Open tpapp opened 6 years ago
So is it very slow, or non-terminating? An MWE would definitely be useful.
I didn't particularly write the BSON code to be fast, so there's probably a lot of low-hanging fruit for performance. Loading large isbits
arrays should certainly have similar performance with any serialiser.
I have pretty much the same issue, can't even load my data set (which is 246M in BSON and 319M in JLD2) because it crashes (with no error, I assume it hits some limit). I am surprised that the BSON is smaller considering that you store a type description with each instance of a struct (and my dataset includes a lot of nested structs), but then I have no idea what JLD2 is doing.
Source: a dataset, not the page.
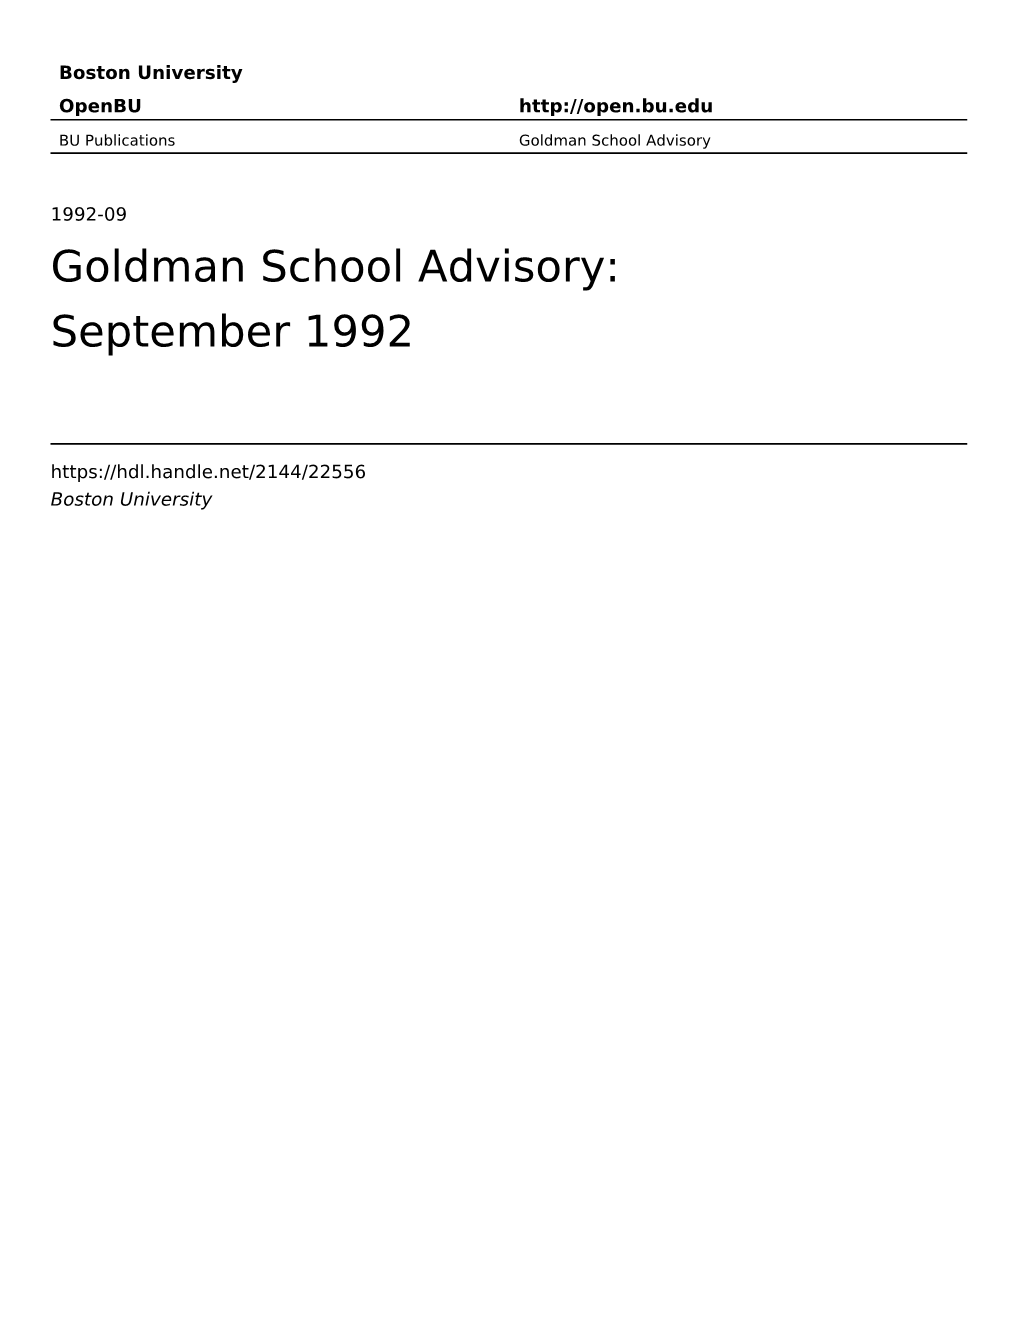 Goldman School Advisory
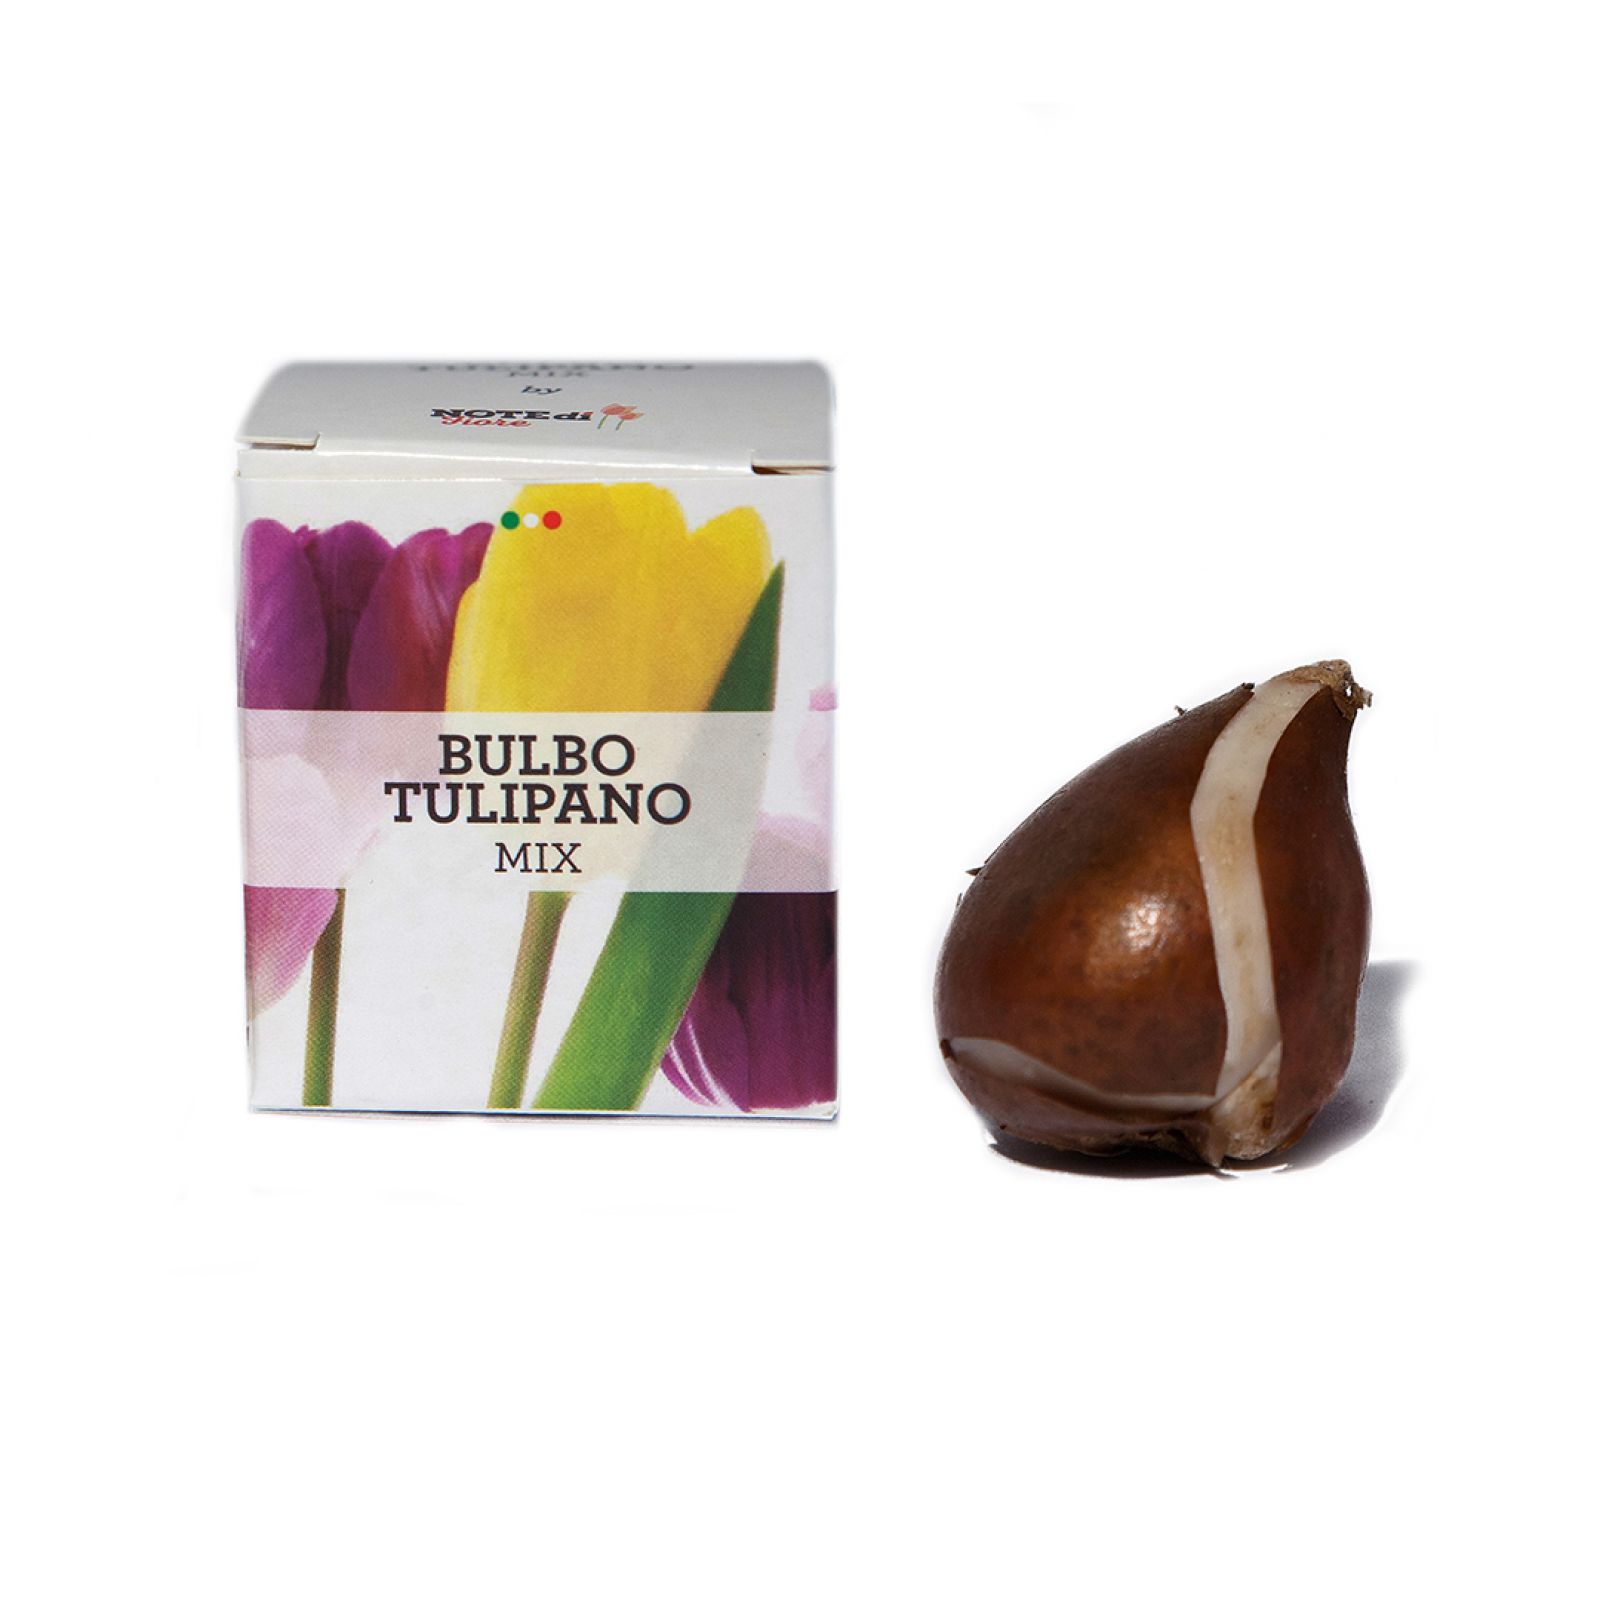 Bulbo Tulipano Mix

Anyway I made a PR #23 with a benchmark and 3-4x speed improvement so far. Probably entirely from improving array processing.
The data set now loads in about ~30 seconds. If done independently parsing takes ~10 seconds and raising to my types about ~15 seconds.
It turns out the crash was happening during raising and is possibly a bug in Julia:
julia> BSON.raise_recursive(res)
signal (11): Segmentation fault
in expression starting at no file:0
has_free_typevars at /buildworker/worker/package_linux64/build/src/jltypes.c:151
has_free_typevars at /buildworker/worker/package_linux64/build/src/jltypes.c:155 [inlined]
jl_has_free_typevars at /buildworker/worker/package_linux64/build/src/jltypes.c:180
inst_type_w_ at /buildworker/worker/package_linux64/build/src/jltypes.c:1504
jl_instantiate_unionall at /buildworker/worker/package_linux64/build/src/jltypes.c:940
arg_type_tuple at /buildworker/worker/package_linux64/build/src/gf.c:1648
jl_apply_generic at /buildworker/worker/package_linux64/build/src/gf.c:2151
jl_apply at /buildworker/worker/package_linux64/build/src/julia.h:1537 [inlined]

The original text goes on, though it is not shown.